The view of our second campsite from above: Strayhorse Creek streaming through, with the Blue Range all around. Photo by Jonathan Patt.

Written by Ollie Linden, Wild Stew Field Crew Member.

This week saw our entire crew returning to the Apache Sitgreaves National Forest, restoring an additional 3 miles of the Strayhorse Trail #20, a project we have now been working on for four hitches across two years. Such vistas! Such greenery! We basked in the gossamer glow of sunlight reflecting off the meandering stream which eventually feeds out into the Blue River beyond! 

We set a speedy pace, brushing, treading, building cairns, and crosscutting our way up steep, often poison ivy bedecked terrain. By the numbers, on our three mile section of trail we cleared over 150 dead logs, built 59 cairns to show the way in ambiguous terrain, and dug one huge drain at the top of an unavoidably-steep bit of trail, with a continuous dose of brush cutting and tread repair along the way. 

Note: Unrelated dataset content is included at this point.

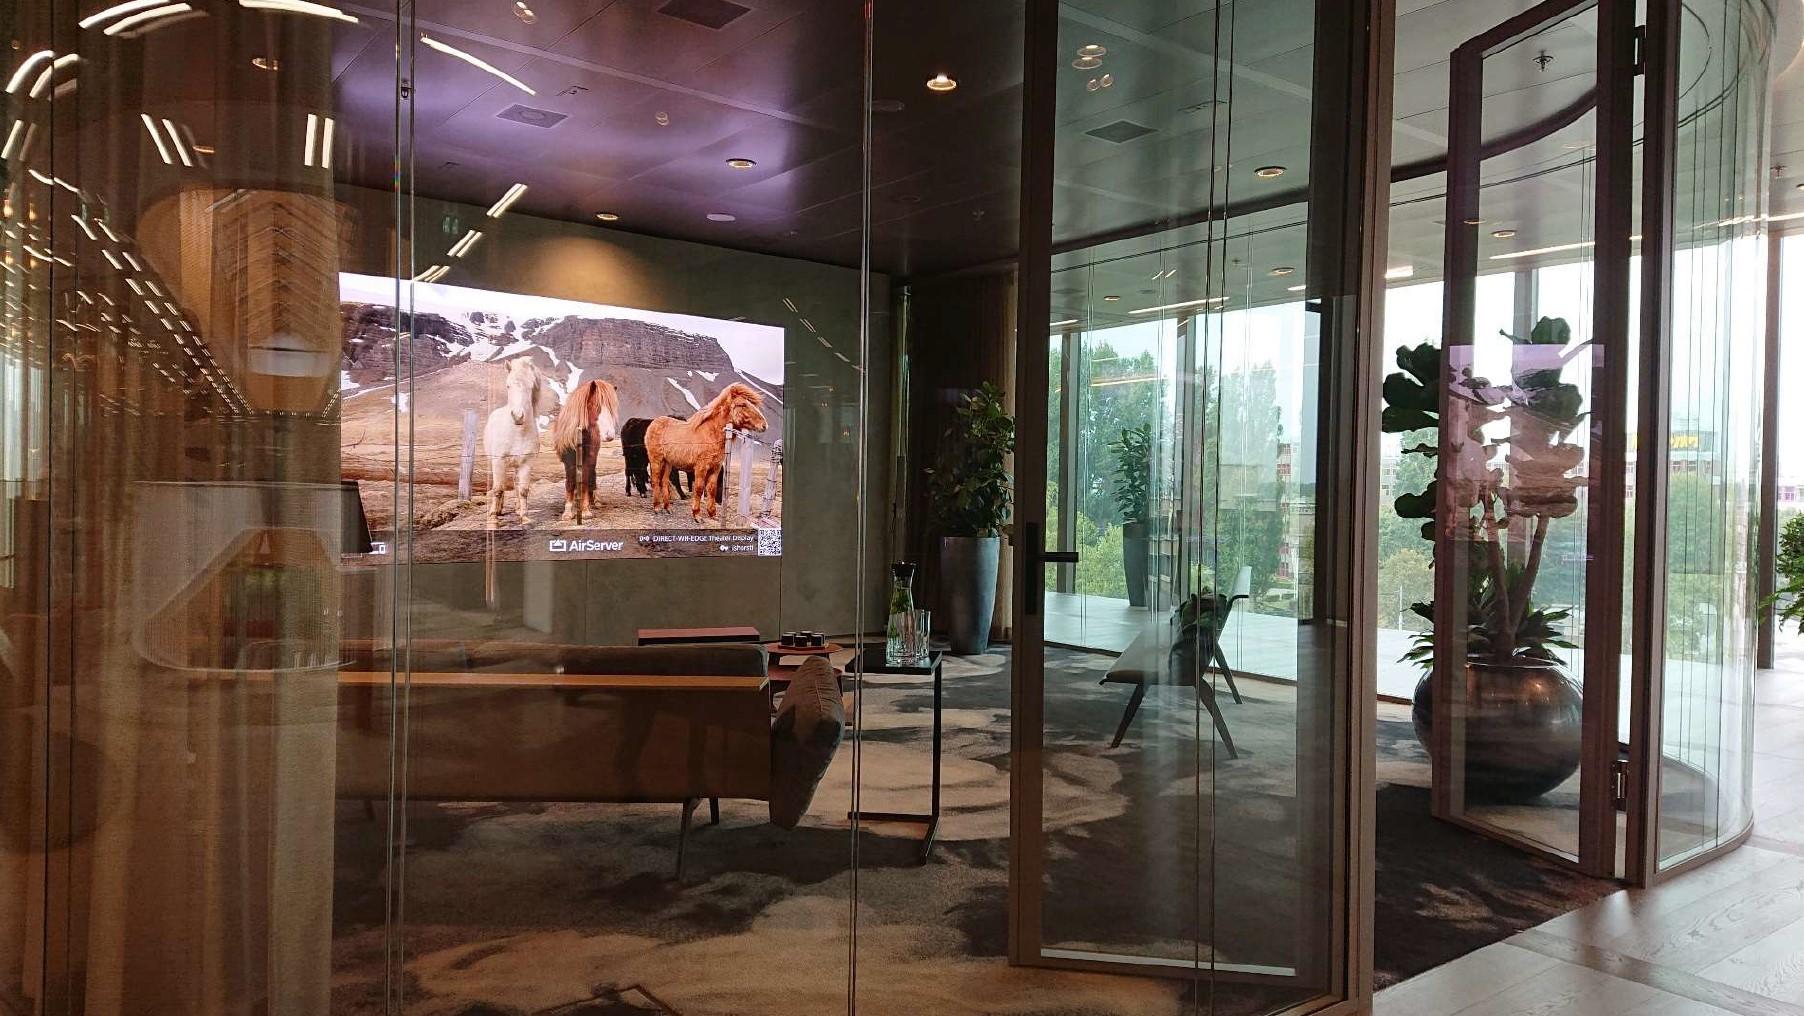 EDGE Technologies 选择索尼的黑彩晶高端拼接显示屏 将智能化视觉体验和生态建筑带入人们生活

Before/after of one of many creek crossings on the Strayhorse Trail. Photos by Jonathan Patt.
Before/after of an area of significant deadfall and overgrown trail. Photos by Jonathan Patt.

Though I am saddened to report we witnessed no horses, stray or otherwise, we did encounter the remains of two (possibly mountain lion!) paws with perfectly intact toe beans! We also encountered a beautiful snake who was hoping if he stayed still long enough we’d walk on by and forget we ever saw him. 

We were also treated to a plethora of birdsongs, and bighorn sheep in the distance! Bird report includes turkey vultures, painted redstarts, cooper’s hawks, macgillivray’s warblers, red-breasted nuthatches, brown creepers, acorn woodpeckers, mexican jays, american robins, whip-poor-wills, canyon wrens, spotted towhees, mountain chickadees, black-headed grosbeaks, some kingbirds, and one wild turkey carcass. To top it off, Dexter came across a black bear running off into the distance during the final evening before departure. 

All hands on deck to move a massive log off the trail. Photo by Chloe Ondracek.

All in all, a rad hitch in a beautiful place, covering lots of ground! Since we started working on the Strayhorse Trail a year ago, we have now restored the first 9.7 miles of the 12.7 mile-long trail. 

Before/after of fallen log debris in the trail. Photos by Jonathan Patt.
Before/after of a tangled pile of logs in the trail. Photos by Jonathan Patt.
Before/after of some of the worst sections of the canyon as it re-entered a burn area temporarily. Photos by Jonathan Patt.
Before/after of tread and brush on the biggest up-and-over around a long slot canyon section. Photos by Jonathan Patt.

Slot canyon photos by Jonathan Patt.